Wednesday, September 16, 2015

The Hiding Place: Thanking God for Fleas


We’ve reached the point in The Hiding Place where Corrie ten Boom and her sister Betsie have been arrested for helping Jews hide and escape the Nazis in World War II Haarlem, sent first to a jail in Holland and a few months later to their first prison camp. From there, they are herded with other prisoners on a train, traveling south for more than three days into Nazi Germany. This was a dreaded fate – no one had heard of anyone returning from Germany.

Finally, they arrive. And discover they have been sent to Ravensbruck, a women’s prison camp whose horrors had reached back to Holland.

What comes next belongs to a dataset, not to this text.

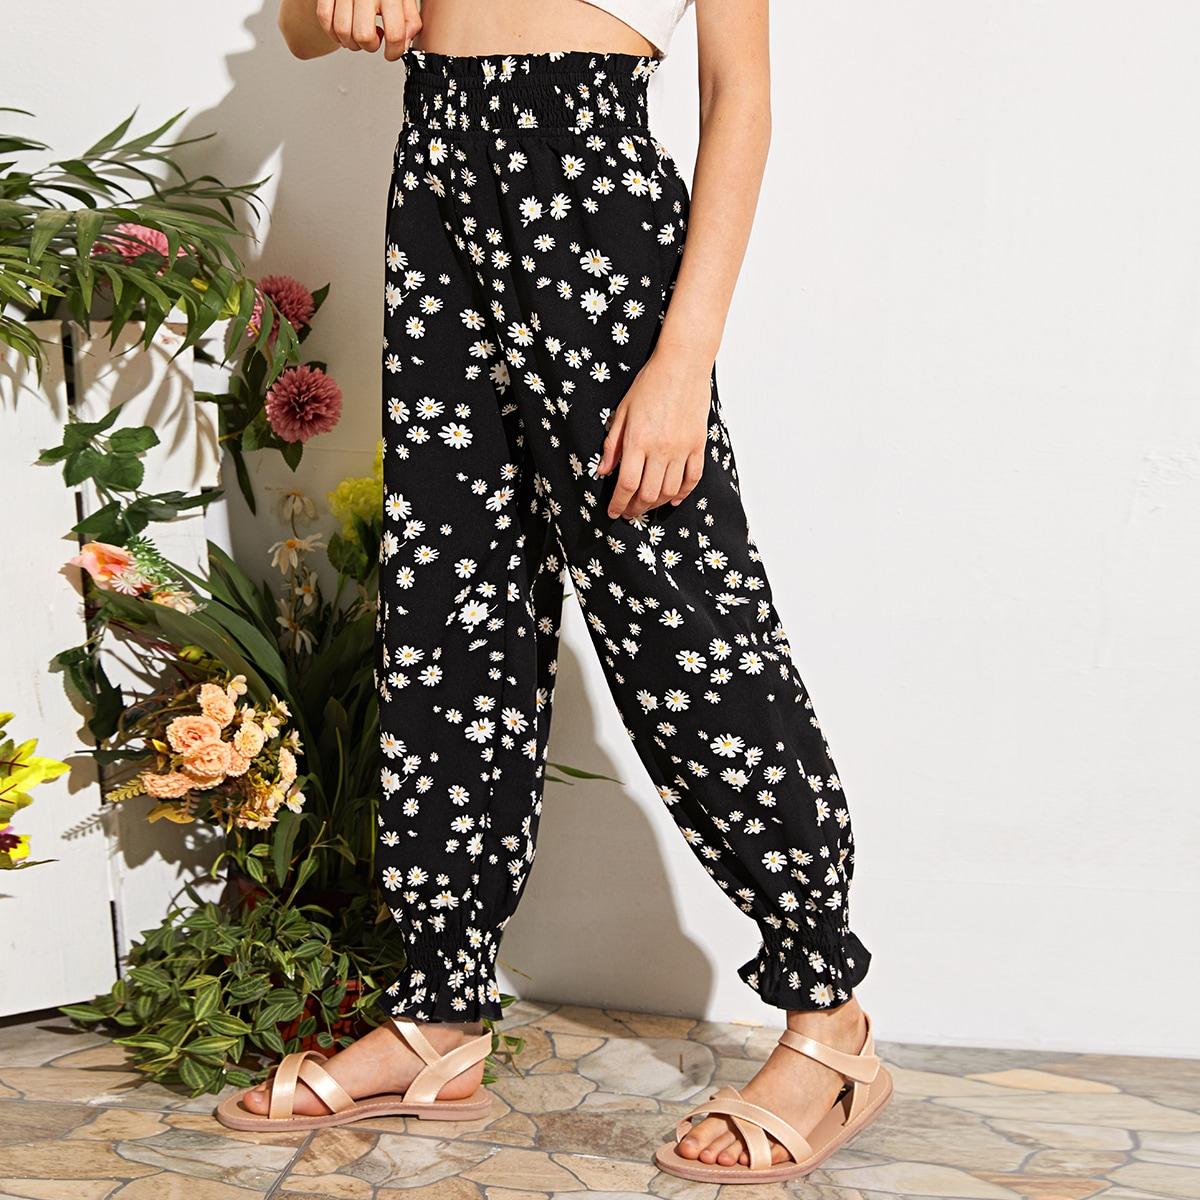 SHEIN / Hose mit gerafftem Einsatz, Papiertasche um die Taille und Gänseblümchen Muster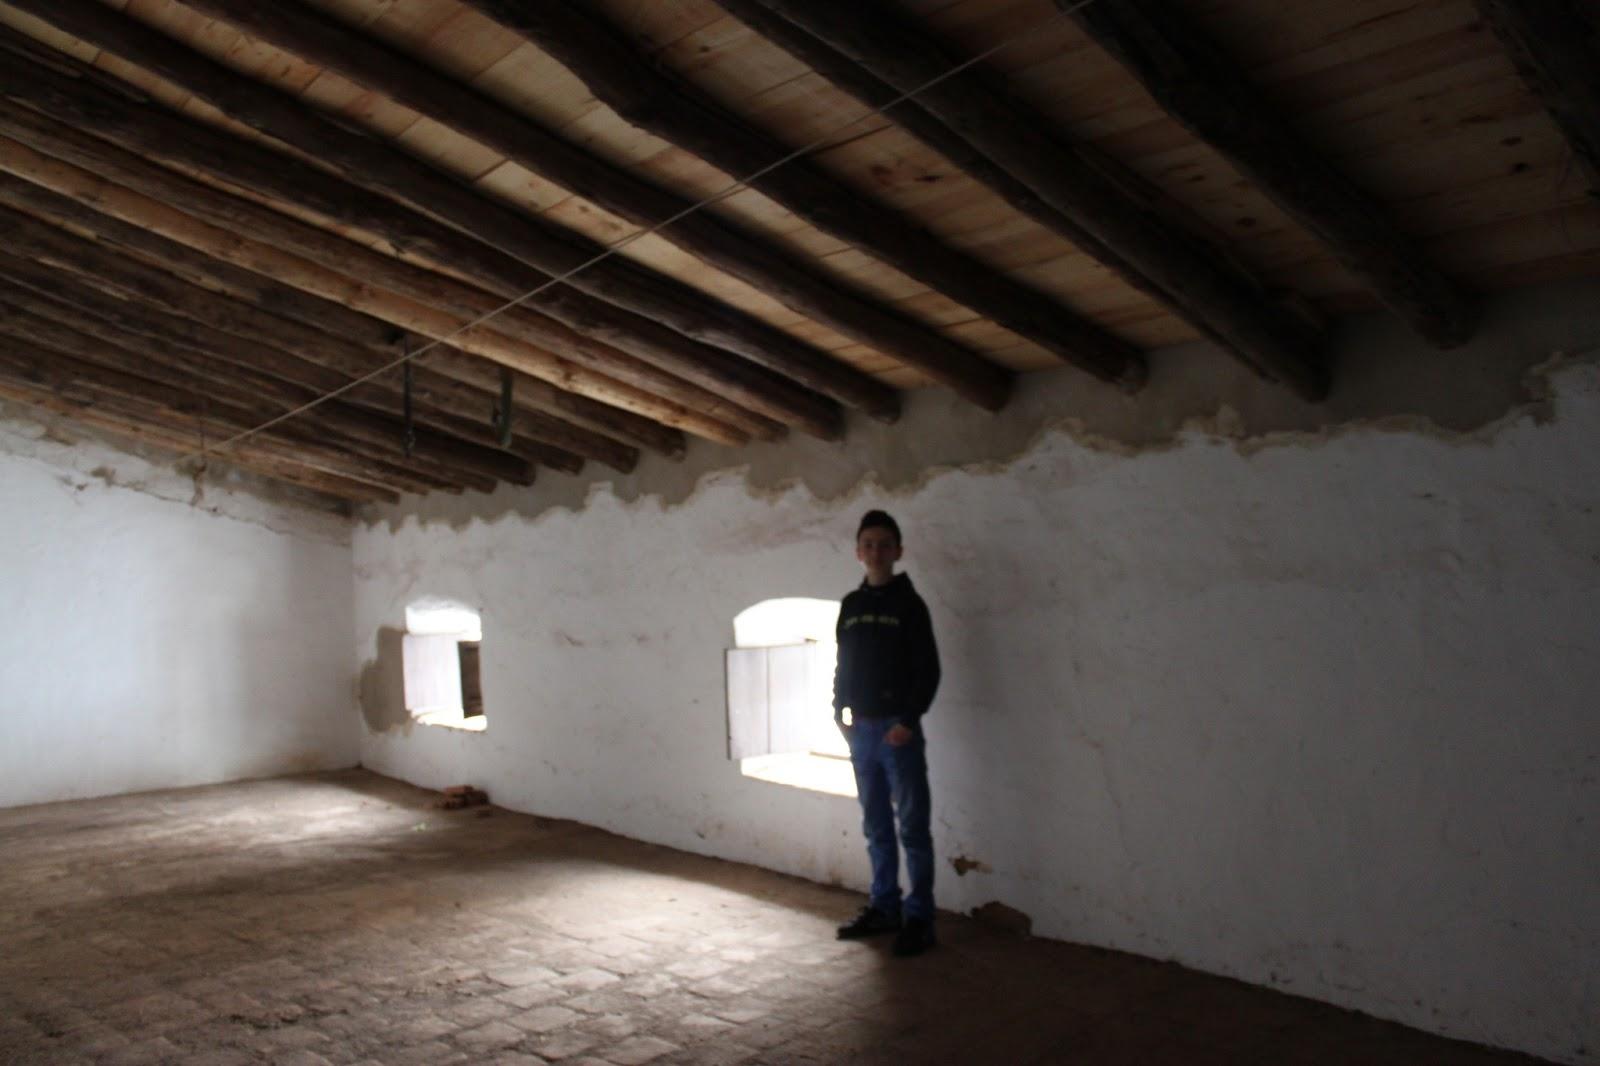 El doblao de antonio gonz lez el doblao - Como pintar un techo ...

Ravensbruck was some 56 miles north of Berlin. Over the course of its existence, it housed an estimated 130,000 to 150,000 women prisoners from various countries in Europe, including Germany. No one knows for sure how many died there, but estimates run as high as 96,000. Many were transported to death camps in Poland; more than 2,000 were killed in gas chambers on site. Approximately 15,000 women survived and were liberated at the end of the war.

Corrie and Betsie’s first resting place there is a large tent with no sides, inhabited by too many women prisoners and lice. They are eventually assigned to a barracks, sharing a bed with five other women. Corrie still has a small Dutch Bible given to her earlier and her sister’s blue sweater, which she makes Betsie wear for warmth.

Terrible food, terrible latrine-like bathrooms, lice, fleas, and brutality from the guards (including the women guards). That was daily existence in Ravensbruck. When Betsie is taken to the camp hospital, Corrie sneaks in through the bathroom, where she finds bodies stacked against the wall.

At one point, Betsie reminds Corrie that they are to give thanks to God in all things, including Ravensbruck. They hold hands and pray their thanks – for being together, for having the Bible with them, and for the crowded conditions in the barracks that more women might hear the gospel.

And then Betsie tells her to give thanks for the fleas. Corrie can’t do it. “Betsie,” she says, “there’s no way even God could make me grateful for a flea.”

But Betsie insists. And the two sisters give thanks for the fleas.

I can’t imagine it. Right there, in an absolutely horrible, death-filled environment, the two ten Boom sisters give thanks.

For fleas.

Their attitude makes other notice. Gradually, the ten Booms become the center of a widening circle of the gospel.

And they give thanks for fleas.

Led by Jason Stasyszen and Sarah Salter, we’ve been reading The Hiding Place. To see more posts on this chapter, “Ravensbruck,” please visit Jason at Connecting to Impact.

Photograph: Female inmates working at Ravensbruck in 1939. Photo courtesy Wikimedia
"Bundesarchiv Bild 183-1985-0417-15, Ravensbrück, Konzentrationslager" by Bundesarchiv, Bild 183-1985-0417-15 / CC-BY-SA 3.0. Licensed under CC BY-SA 3.0 de via Commons. 

2 comments:

Maureen said...

This book is so great a testament to the strength of faith.

Sarah Helm's 'Ravensbruck', which I read earlier this year, takes the reader inside this concentration camp, which largely was where the Nazis housed, at least initially, women in the French resistance, other political prisoners, prostitutes and other "social undesirables", and Catholics or other religious. Extraordinarily, some remarkably moving events occurred among the women there.

jasonS said...

It is incredible. The testimony of choosing gratitude over despair opened up doors of opportunity for them to share the love and life of God. I'm humbled, challenged, and inspired all at the same time! Thanks Glynn.